Here’s a poem my son sent me.

Amy Carmichael was born in Millisle, Northern Ireland in 1867.  She had a remarkable life and served as a missionary in India for over 55 years!  We showed a movie of her life in Newtownbreda a few months ago.  Among her many talents she was also a thought-provoking poet on the subject of suffering for the cause of Christ.

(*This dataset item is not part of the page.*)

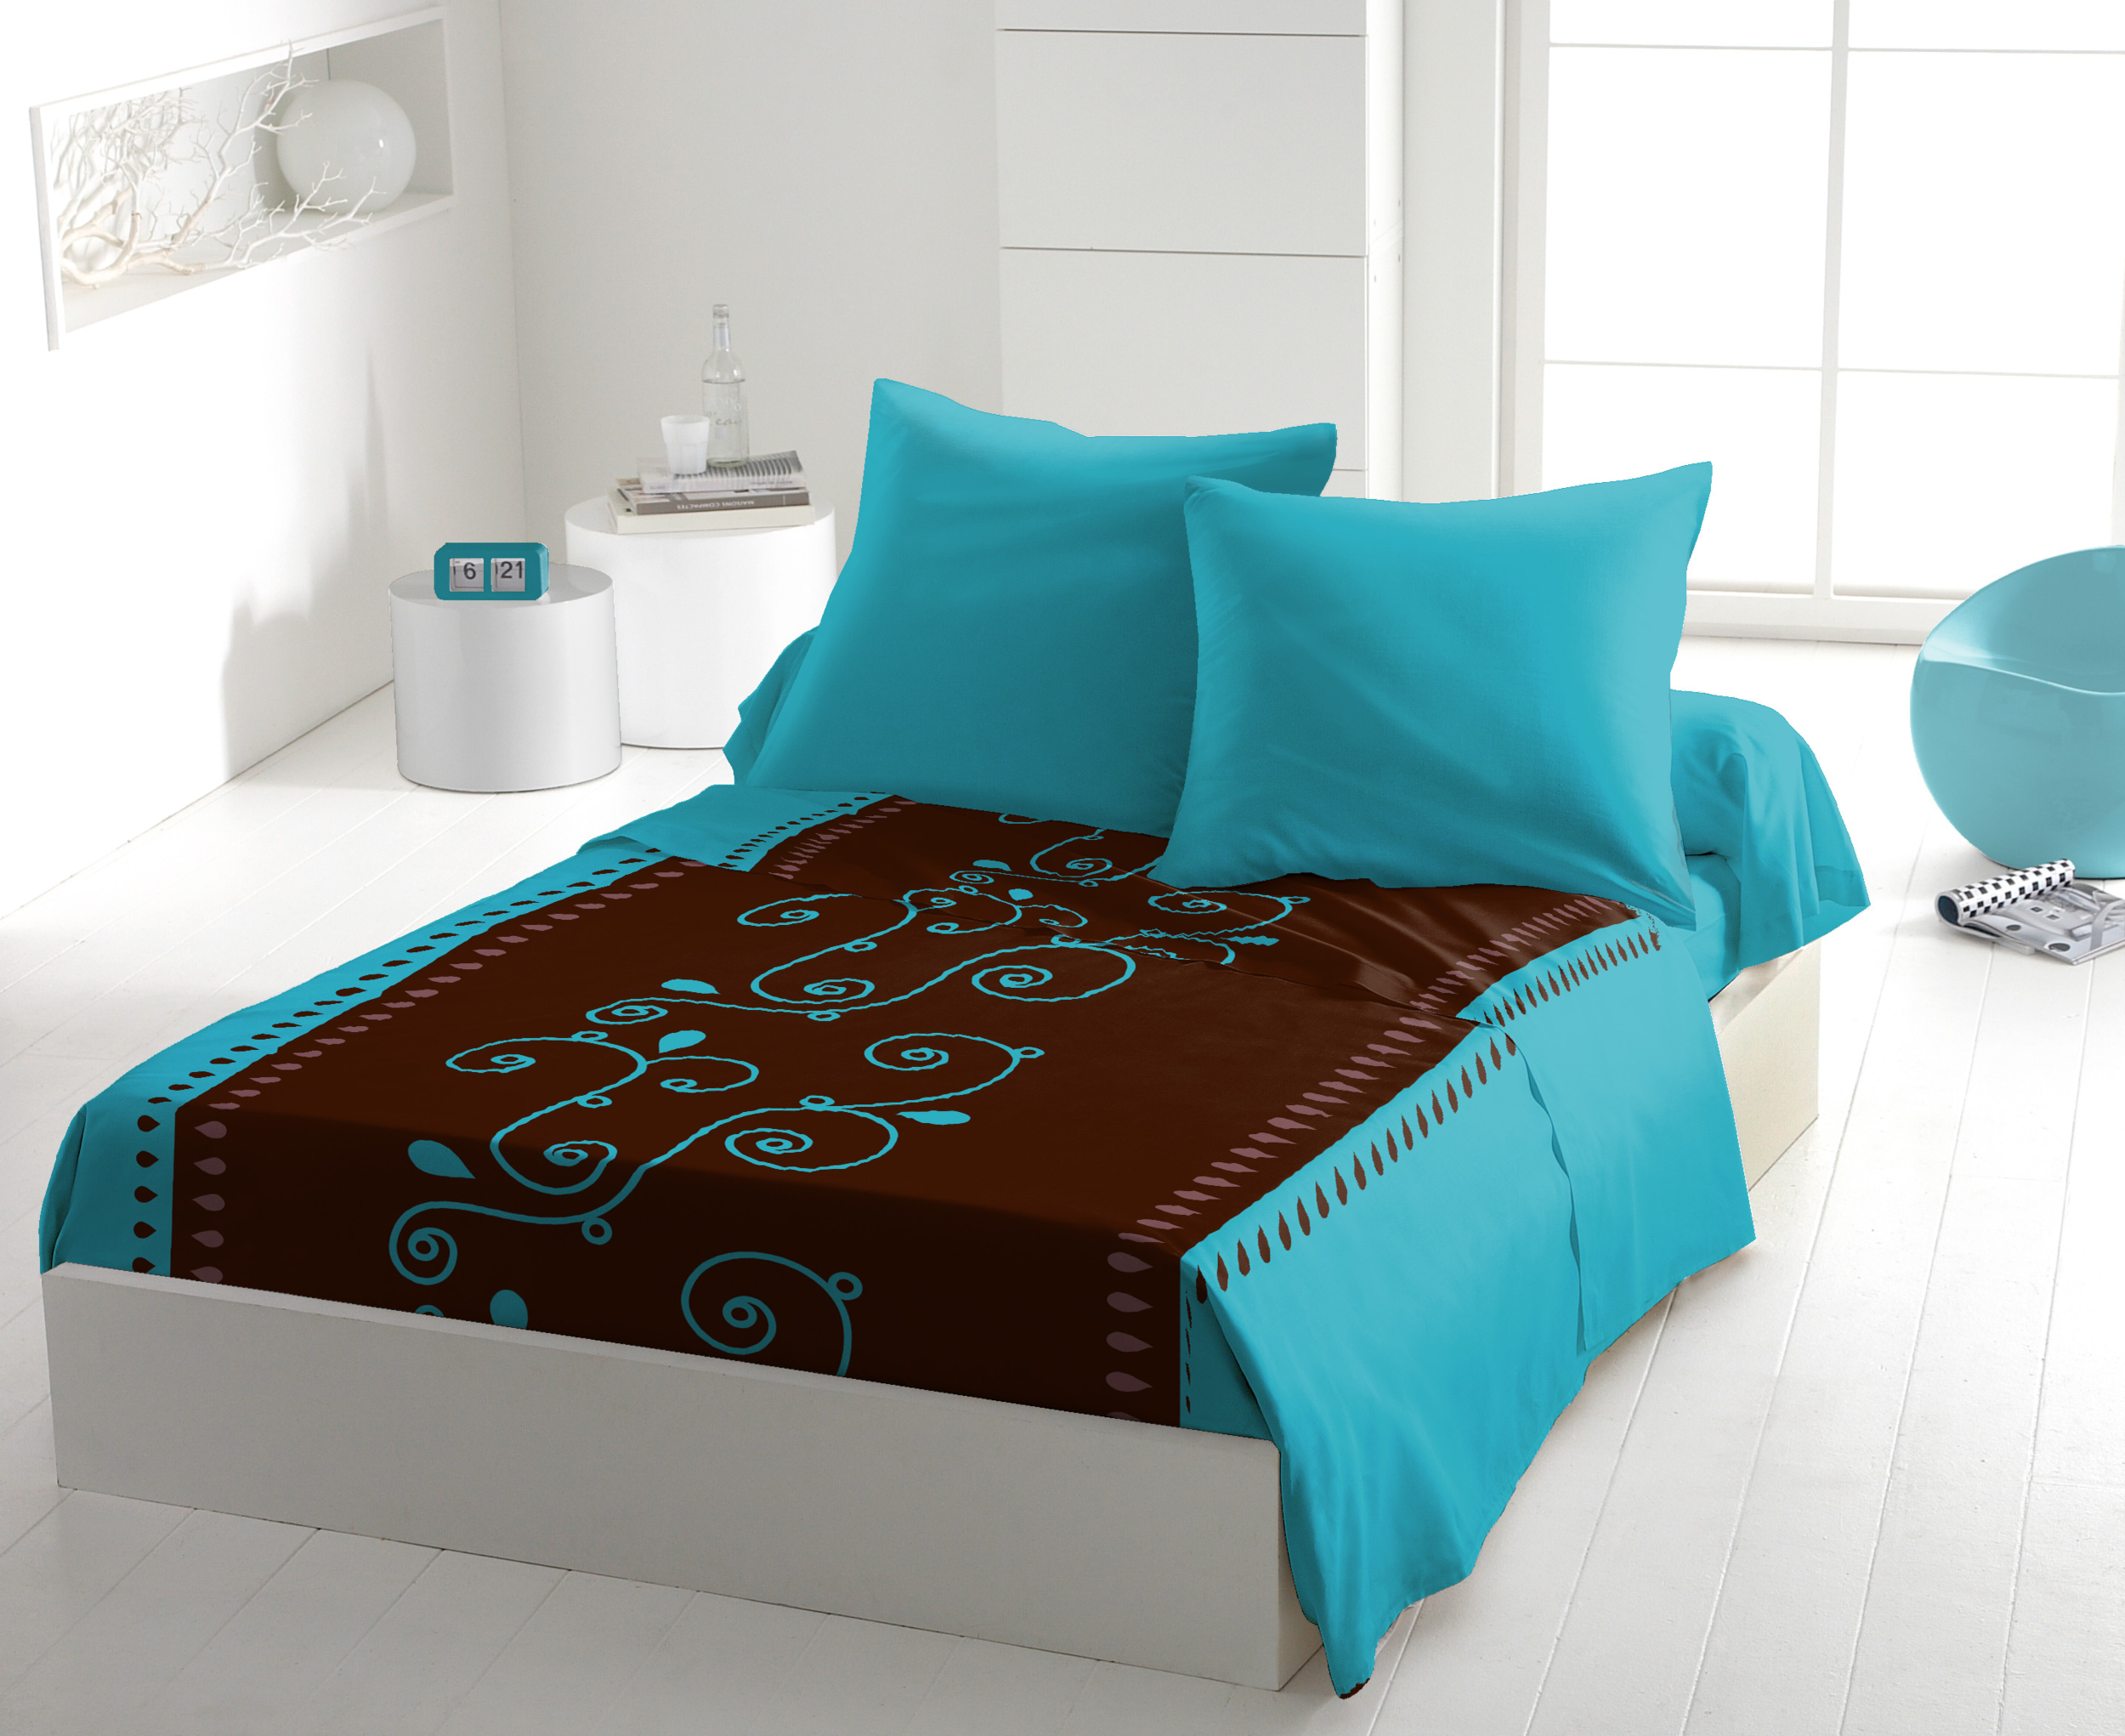 Parure de drap microfibre cacao barry turquoise 4pcs (drap plat 240x300cm)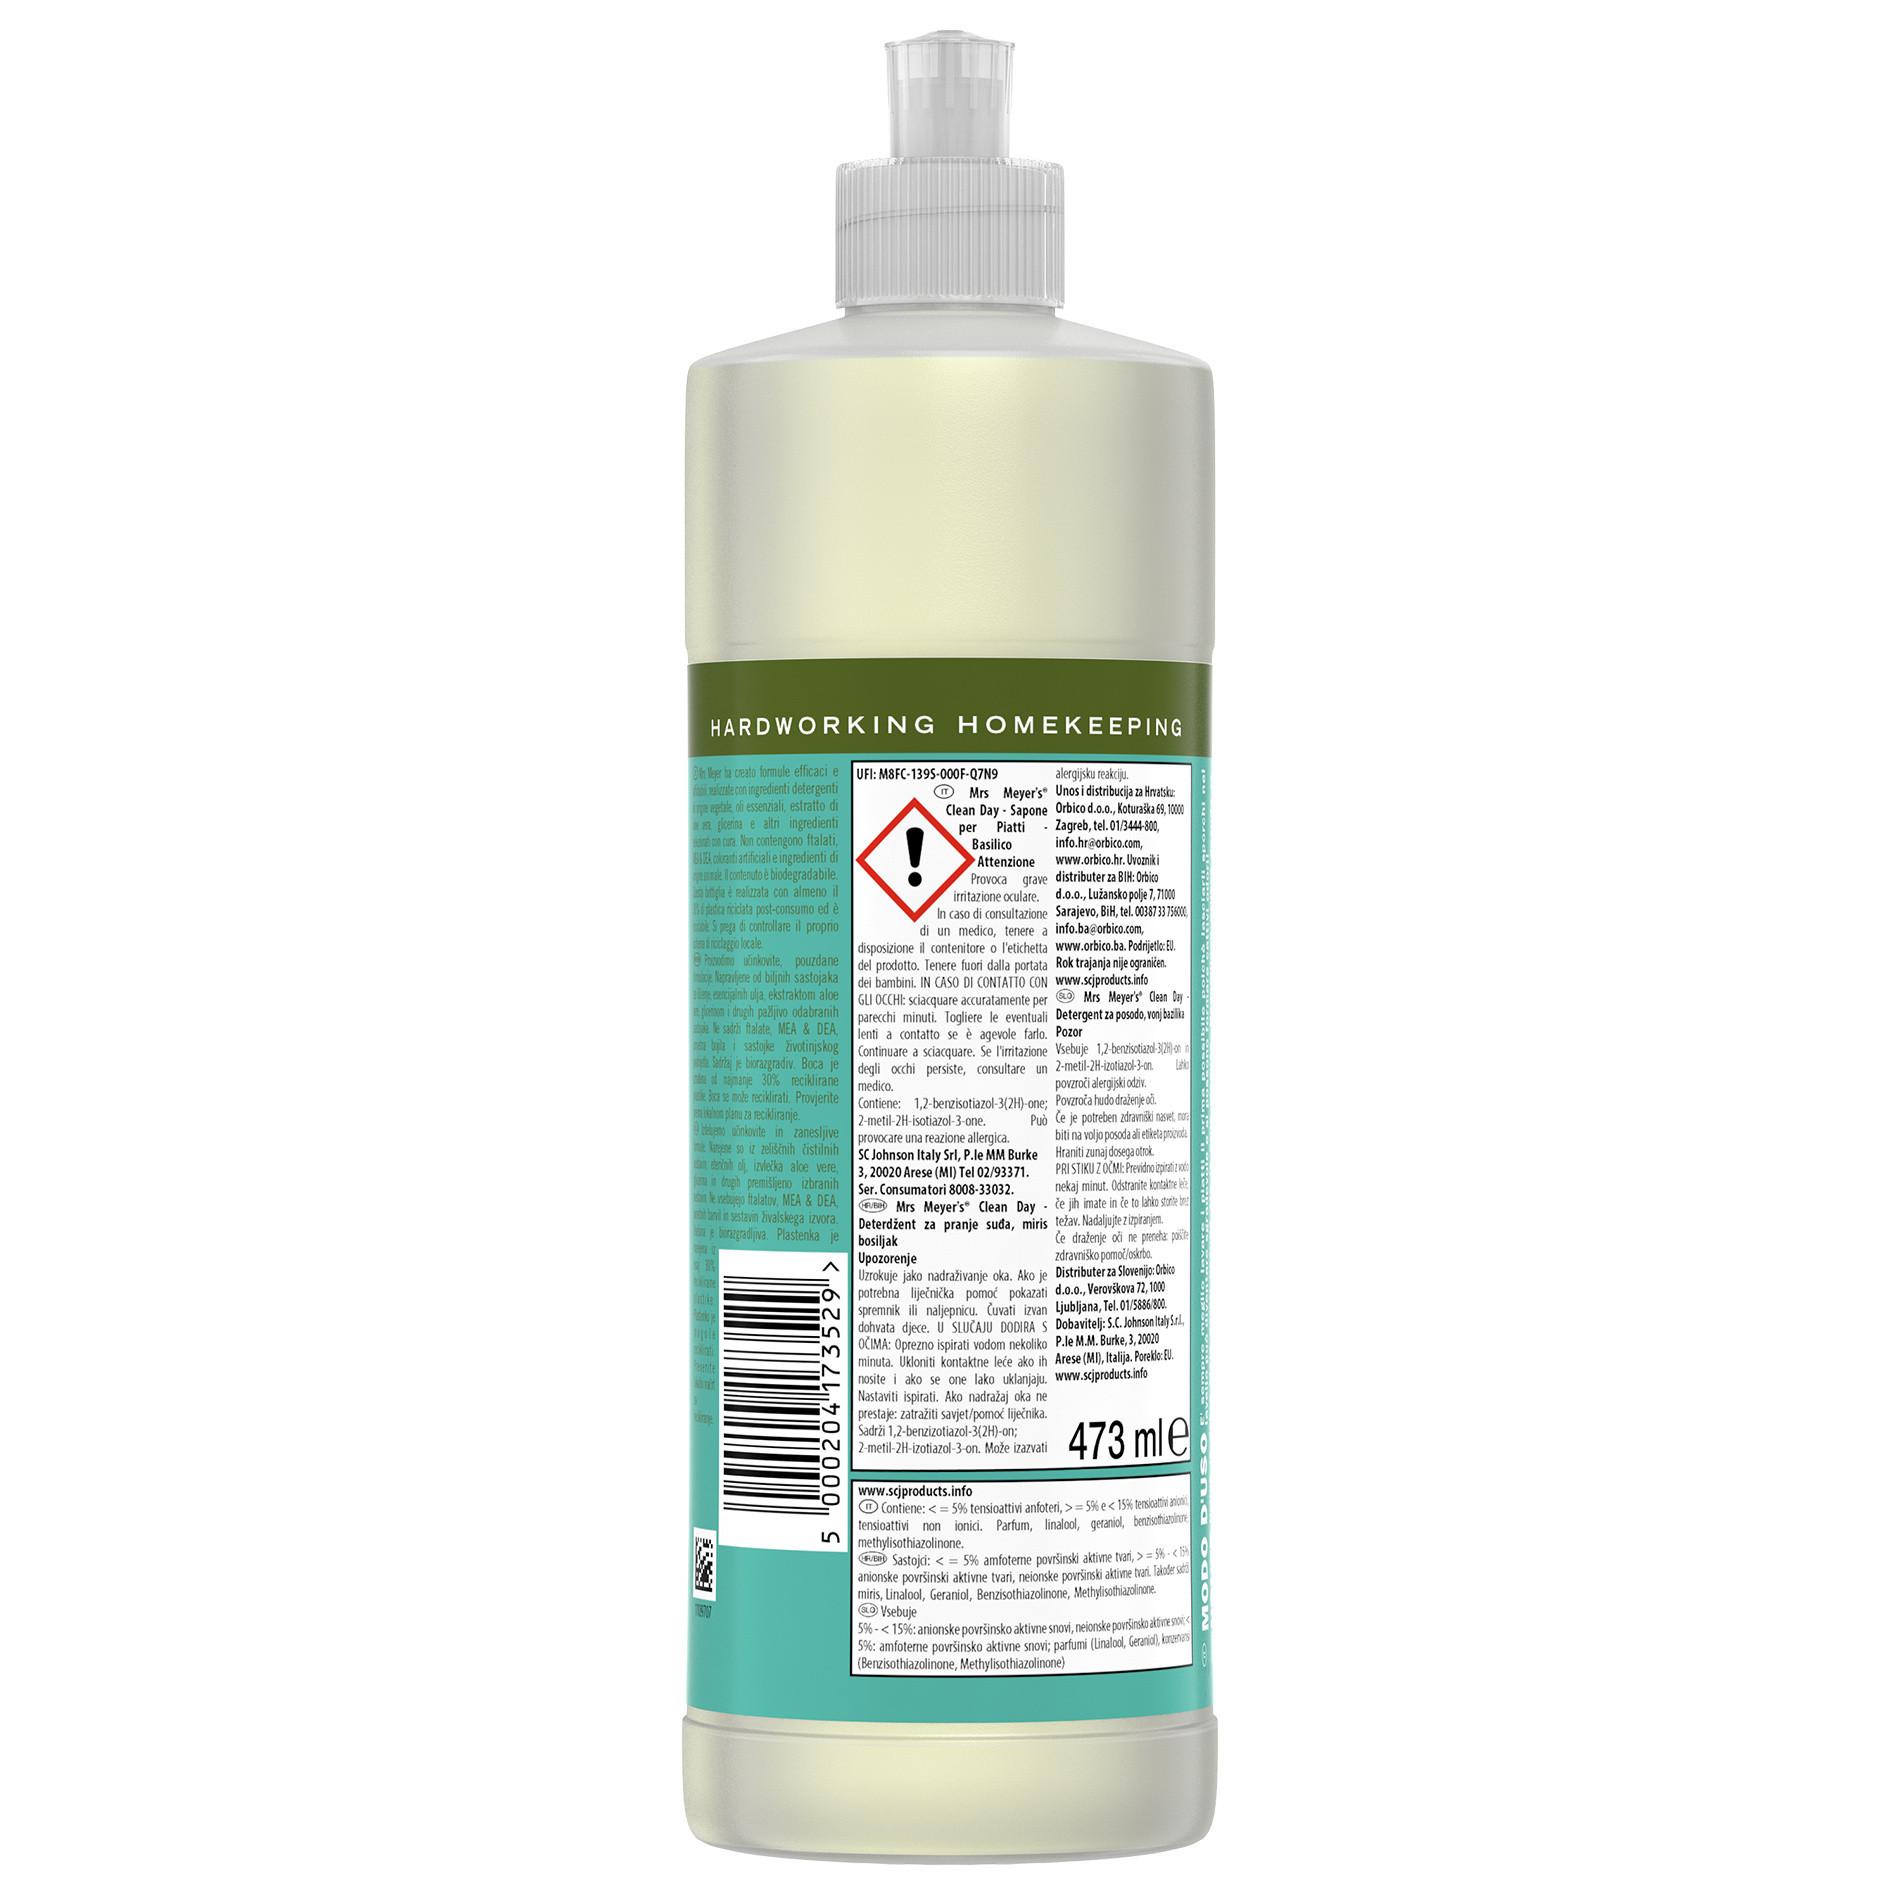 Sapone per piatti profumo di basilico 473ml, Verde smeraldo, large image number 1

Consider this one.  It touches on the subject of “no pain; no gain”  The servants of Christ will be scarred and marked.  It was the case with our Saviour and “It is the way the Master went; Should not his servants tread it still”

No Scar 

Hast thou no scar?
No hidden scar on foot, or side, or hand?
I hear thee sung as mighty in the land,
I hear them hail thy bright ascendant star,
Hast thou no scar?


Hast thou no wound?
Yet I was wounded by the archers, spent,
Leaned Me against a tree to die; and rent
By ravening beasts that compassed Me, I swooned:
Hast thou no wound?


No wound, no scar?
Yet, as the Master shall the servant be,
And, pierced are the feet that follow Me;
But thine are whole: can he have followed far
Who has no wound nor scar?


11 December 2012

1 comment:

  1. I think of Jacob and his two big encounters with God. At the first (Bethel), Jacob calls the shots and has the audacity to say to God, “If God will be with me and will watch over me on this journey I am taking and will give me food to eat and clothes to wear so that I return safely to my father’s house, then the Lord will be my God..." Does Jacob sound arrogant and unbroken here?

    Then he has a second encounter at Jabbok and the sense is Jacob clinging to God, vulnerable, desiring His blessing. After that encounter, Jacob is changed, scarred, injured, limping - but with a new name and, I assume, a new heart.